Surrey teachers exhausted with increased COVID-19 positivity rates

The Surrey Teachers' Association is calling for more mask-wearing, lower density, and clearer communication

Queen Elizabeth Secondary School in Surrey. (wikimedia.commons)

The Surrey Teachers’ Association is, once again, calling for the Provincial Health Office to believe and listen to them as they buckle down to get through the last month of school.

In a blog post published on May 13, the STA outlined recent COVID-19 news and how it connects to and affects Surrey schools.

They are calling for change.

“There’s been a feeling among a lot of teachers, I would say, that Dr. Henry and the Ministry of Education have not been listening to our concerns,” says Matt Westphal, president of the STA.

The lack of government recommendations on social distancing within schools, leaked health reports and a lack of clarity on exposure notices within schools are the main points addressed in the STA’s post.

Westphal says that just because schools are approaching summer break, the STA is not taking its “foot off the accelerator” to advocate for more safety measures.

Because the virus usually spreads “through contact with the respiratory droplets of an infected person” as opposed to contaminated surfaces, the association says that social distancing and having good ventilation should be mandatory in all classrooms, though it is not currently.

“It is my job to go and be near kids and help them, but unfortunately, the space does not actually allow for [social distancing]. There’s not enough space in the classroom for each desk to be six feet apart,” says Laura Johnston, a teacher on-call for the Surrey district.

Concerning many, the BCCDC data leaked to the Vancouver Sun revealed more information than has been usually shared with the public, including neighbourhood case positivity and vaccination rates.

Some parts of Surrey, including Whalley, North Surrey, and West Newton were shown to have a COVID-19 test positivity rate above 20 per cent from April 23 to 29.

These areas are “many of the poorer and less white areas of Surrey,” highlighted CBC reporter Justin McElroy in a tweet illustrating data from May 4 to 10.

Lizanne Foster, a vocal advocate for COVID-19 safety in schools, is one of the teachers working in this hotspot at Queen Elizabeth Secondary.

She says this data is an example of how affluence and privilege play a role in this pandemic and that the lack of transparency in COVID-19 data is “unforgivable.”

“Whistler gets a problem, and then all of these resources get poured into Whistler so that tourists can go skiing, when the people who live in this hot zone, they are literally the people who keep the economy going,” says Foster.

As for the exposure letters within schools, Johnston says that they are almost always in her inbox.
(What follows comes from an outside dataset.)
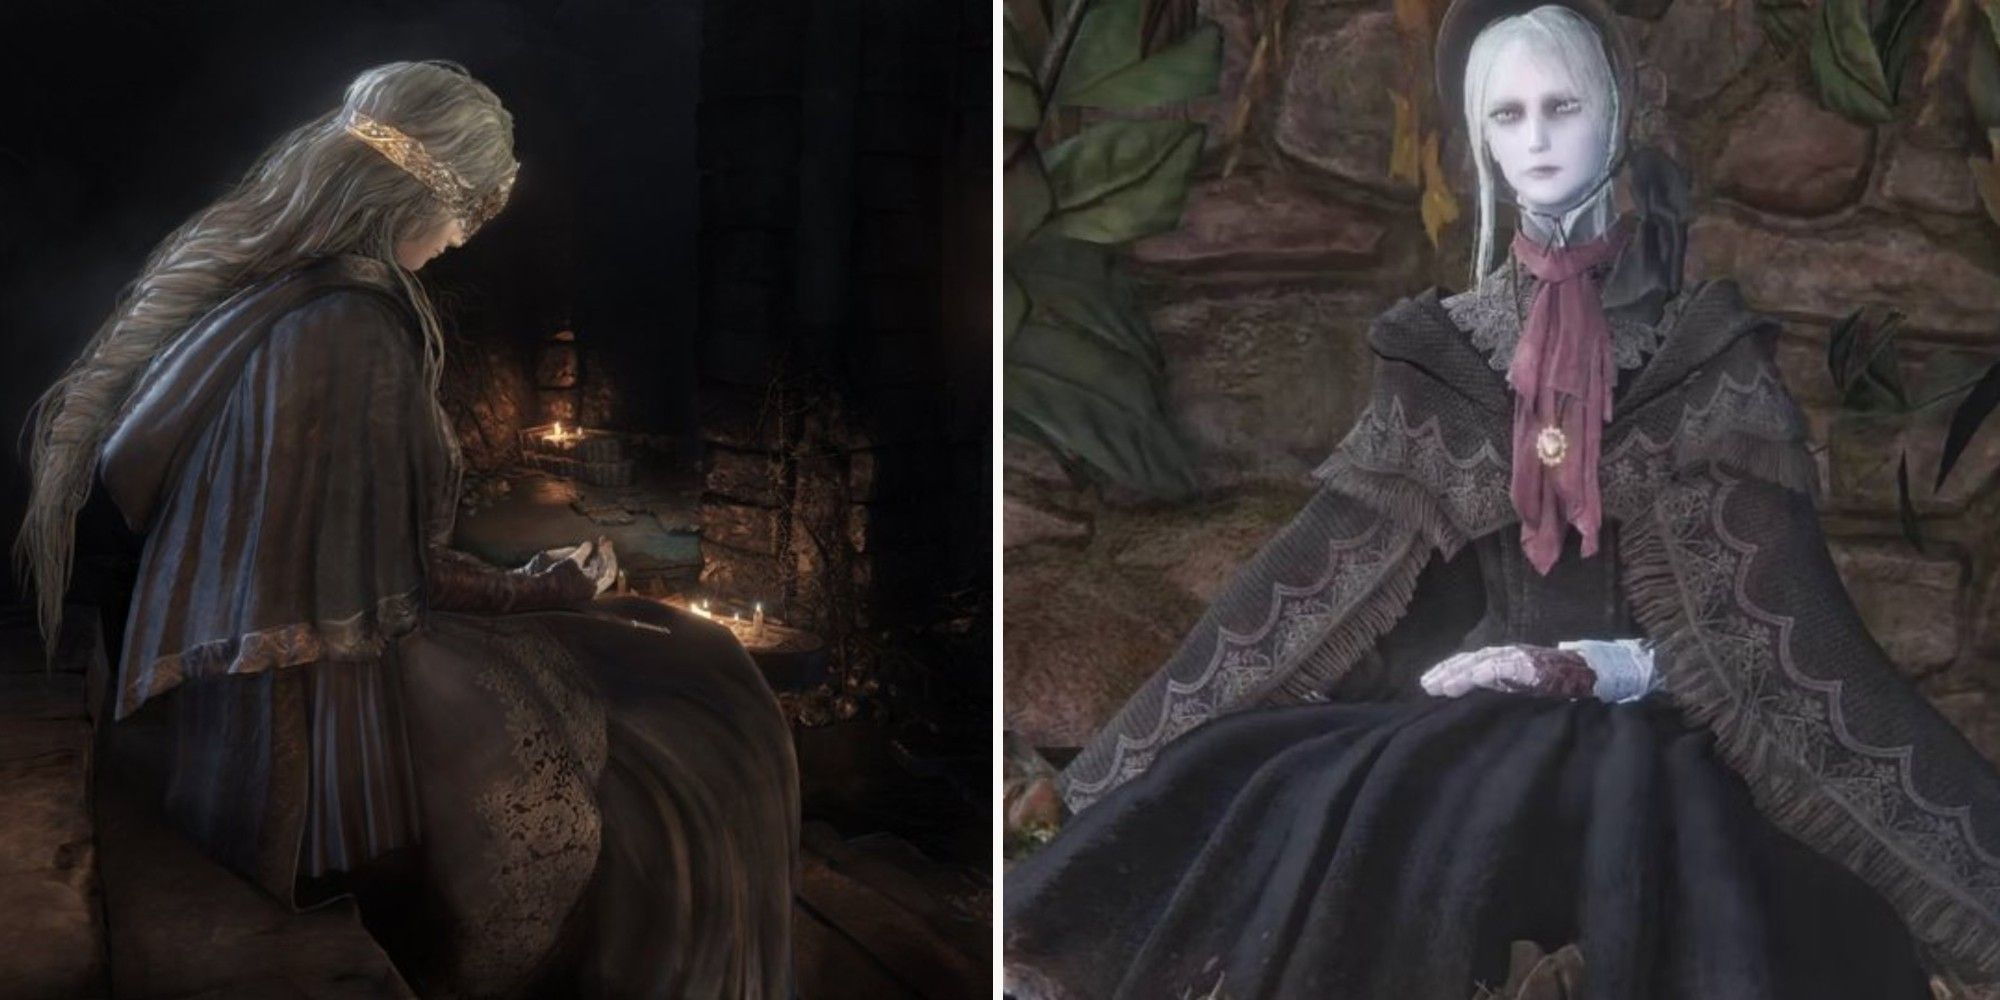 The Fire Keeepr and Doll from Dark Souls 3 and Bloodborne video games respectfully, sitting in contemplation

In fact, the whole course of her teaching career, from practicum to where she is now, has coincided with the pandemic.

“I’m just kind of used to it now. This is just life,” she says.

Westphal says that all of the STA’s calls for action — whether they’re to the Provincial Health Office, the Ministry of Education, or the limited scope of Fraser Health — have gone unanswered.

“I don’t want to speculate on the motives there. I think, probably, they’re waiting for the end of the school year too,” he says.

“They’re looking to ride this out until the end and hoping that things will be much different in September.”